Content starts

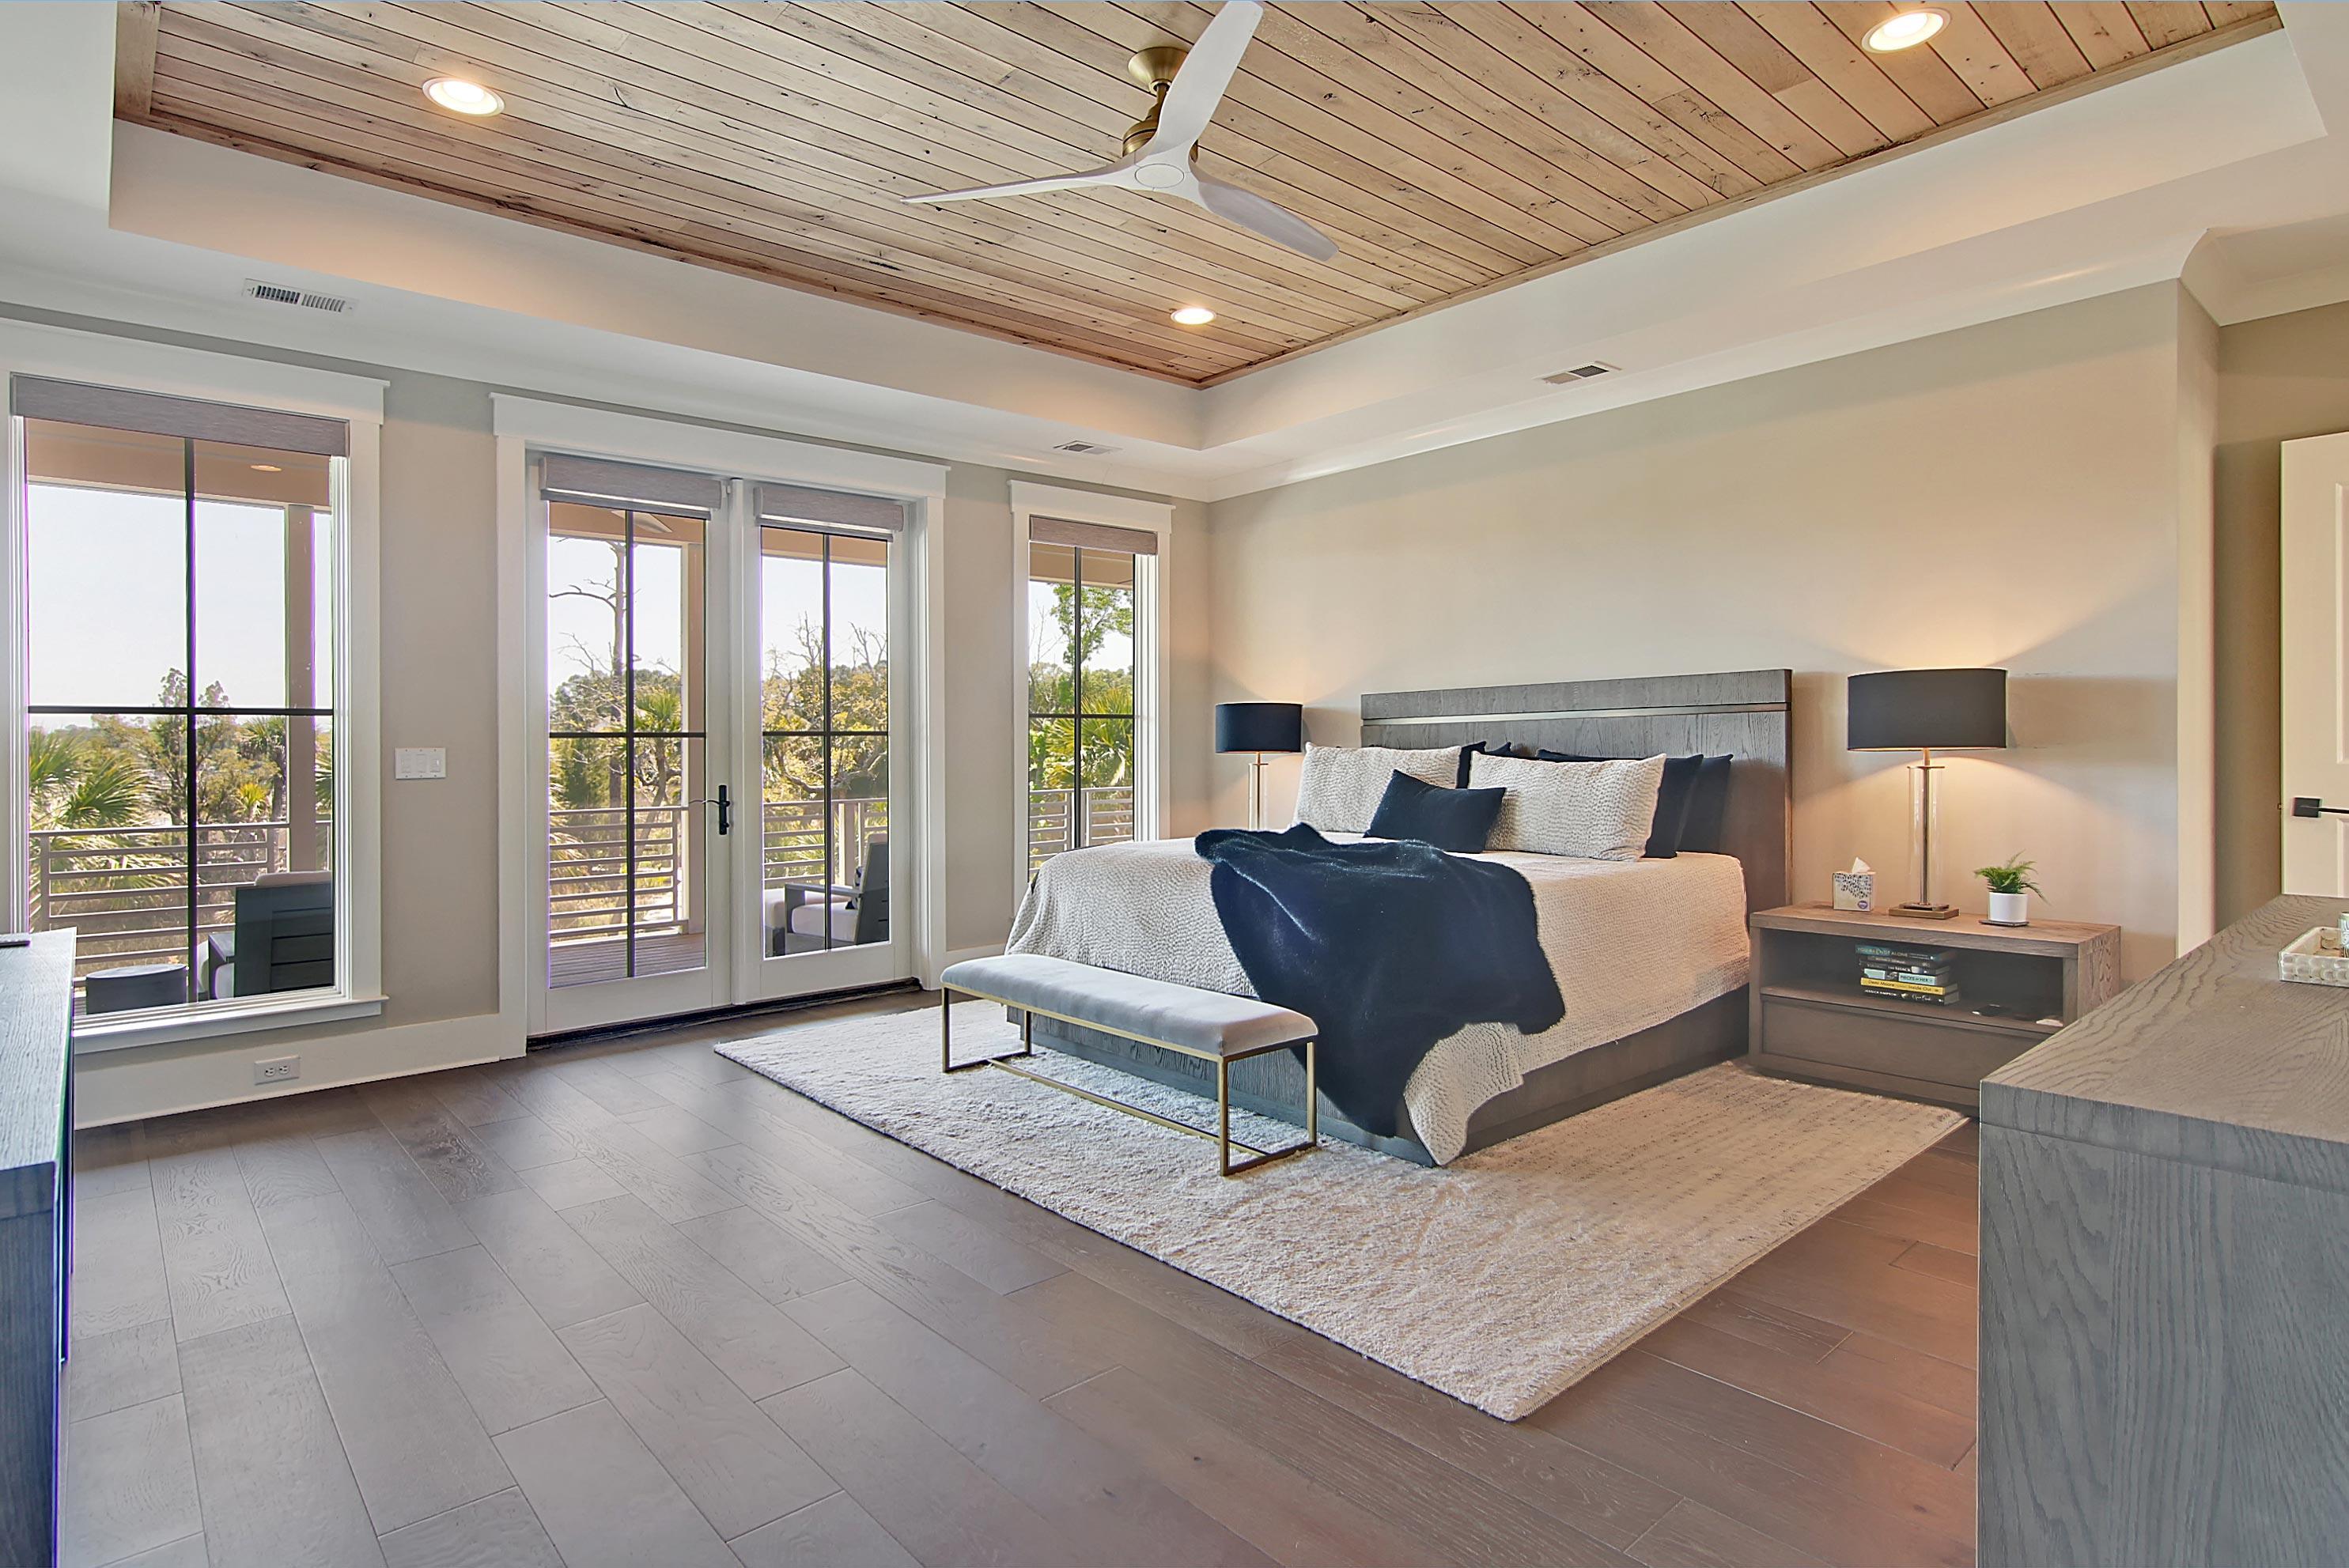 Dunes West Homes For Sale - 2456 Darts Cove, Mount Pleasant, SC - 42
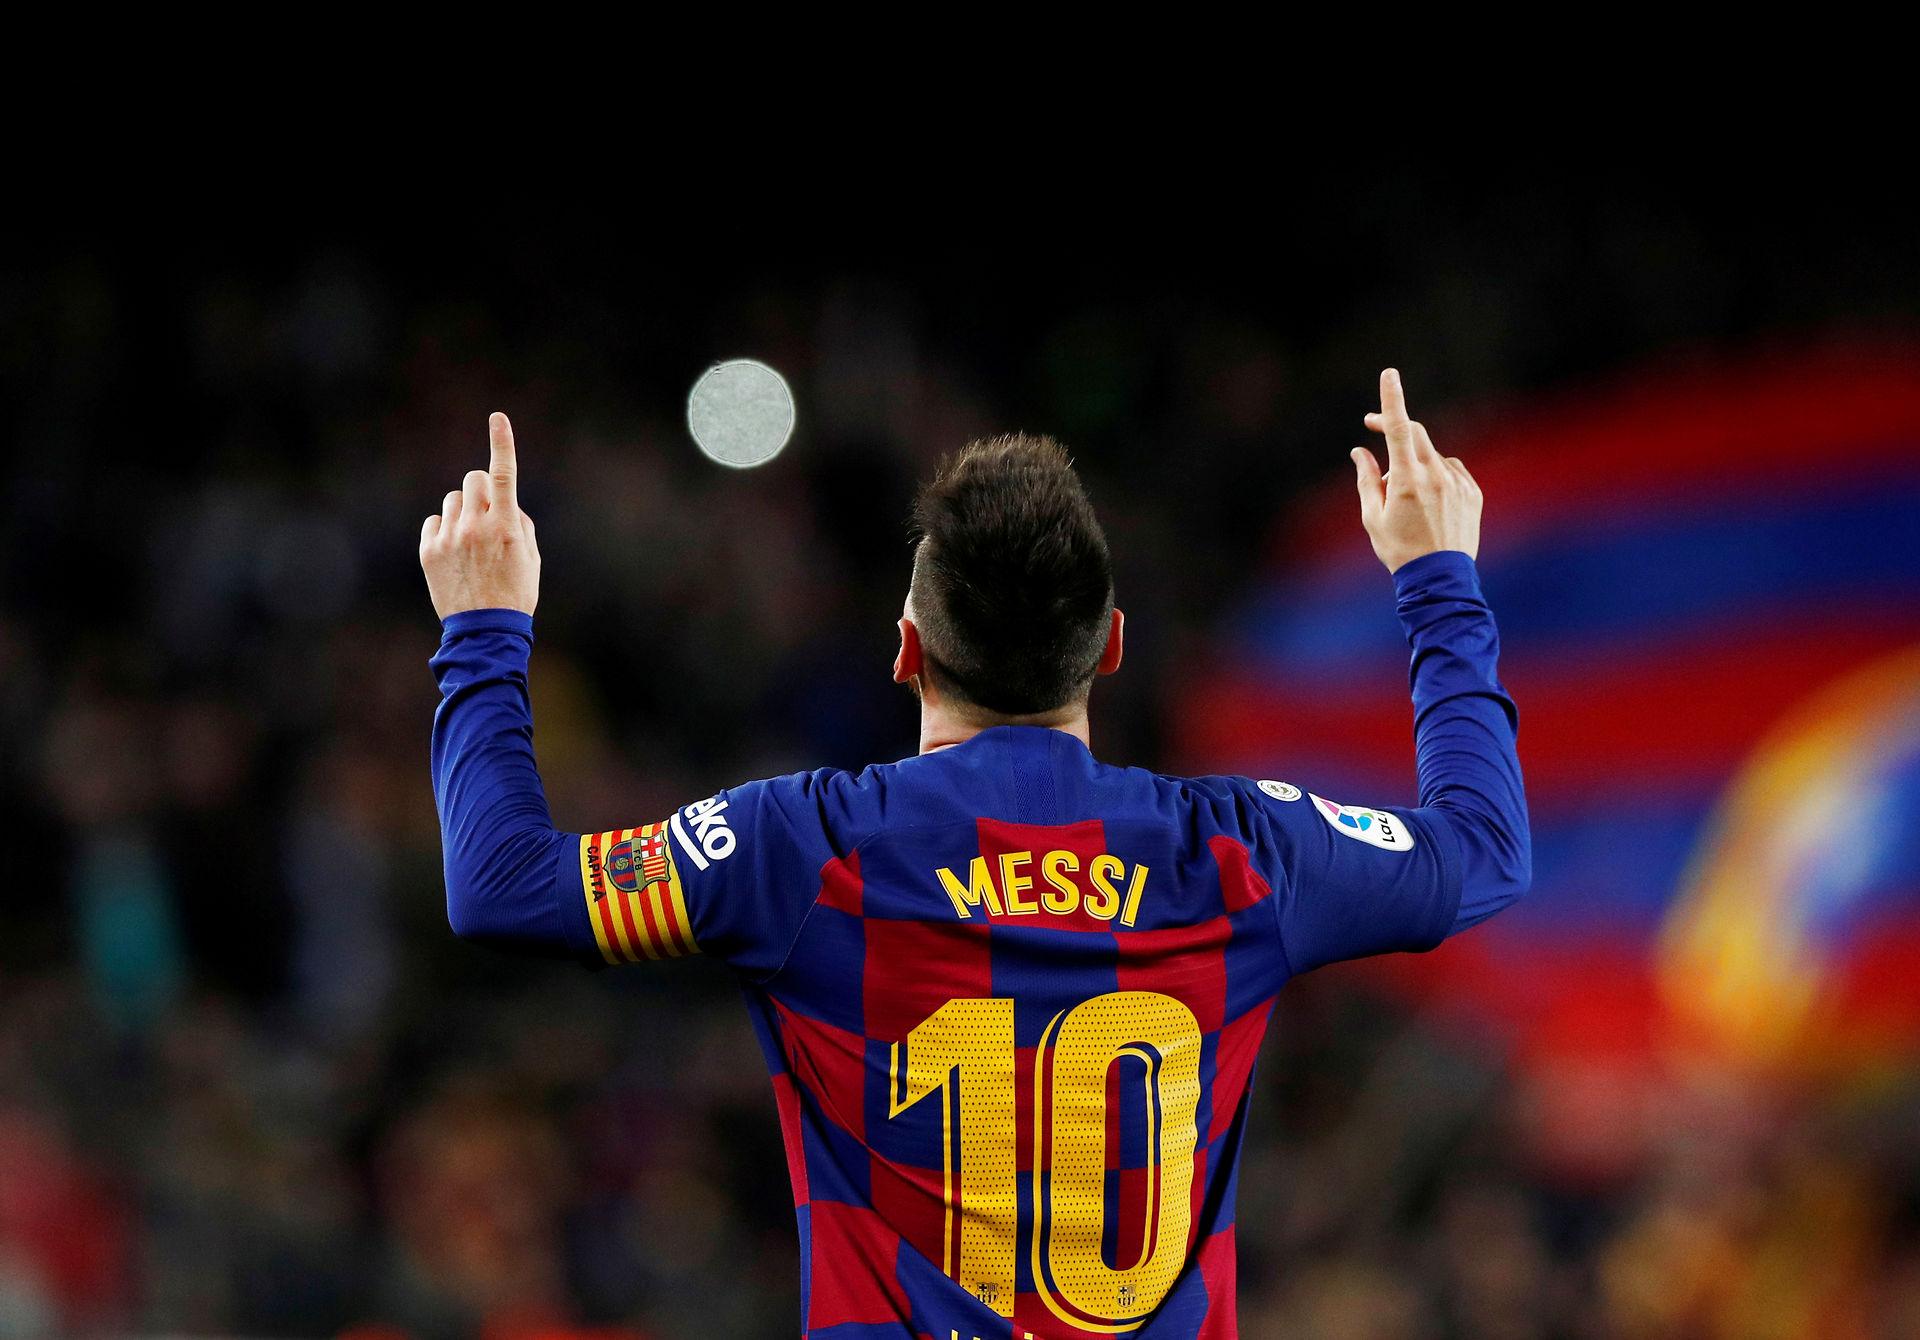 Top 50: De bedste spillere i Europa
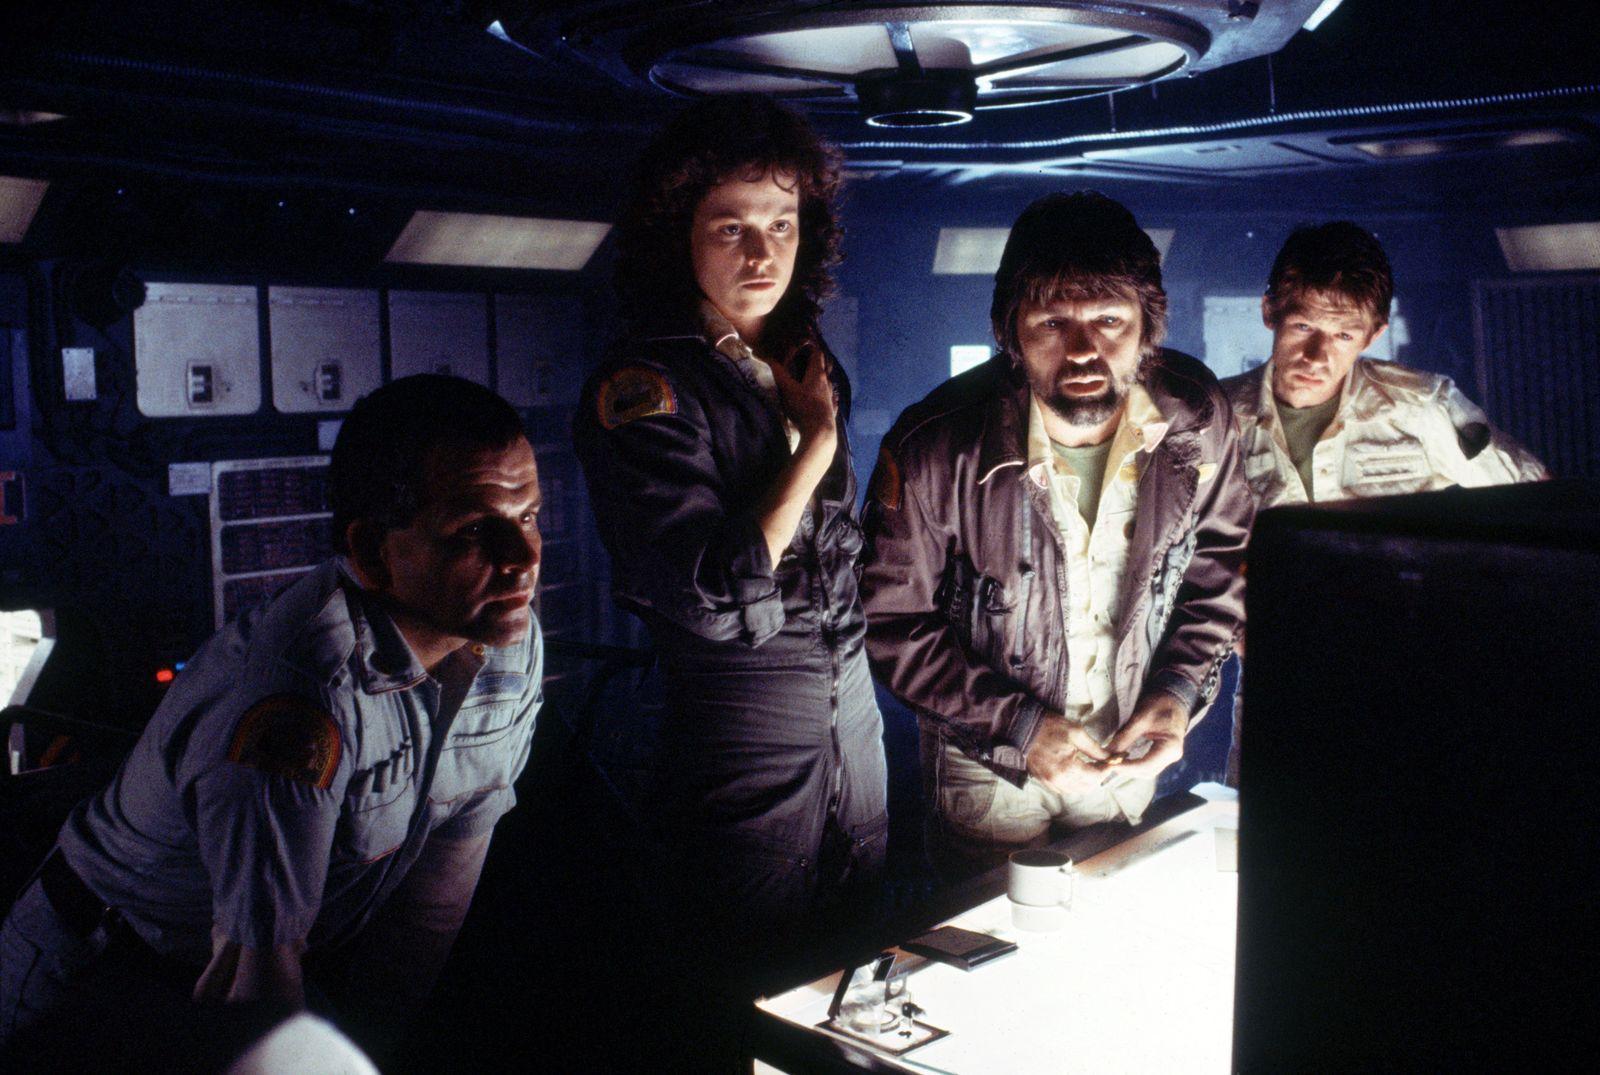 """Alien: The Director's Cut"" Ian Holm, Sigourney Weaver, Tom Skerritt, John Hurt © 1979, 2003 20th Century Fox Photo by Robert Penn"

Content ends

TASK BRIEF: Line by line, write out the material above exactly, with no images.

OUTPUT FOR THIS EXERCISE:
 Dunes West Homes For Sale - 2456 Darts Cove, Mount Pleasant, SC - 42
 Top 50: De bedste spillere i Europa
 """Alien: The Director's Cut"" Ian Holm, Sigourney Weaver, Tom Skerritt, John Hurt © 1979, 2003 20th Century Fox Photo by Robert Penn"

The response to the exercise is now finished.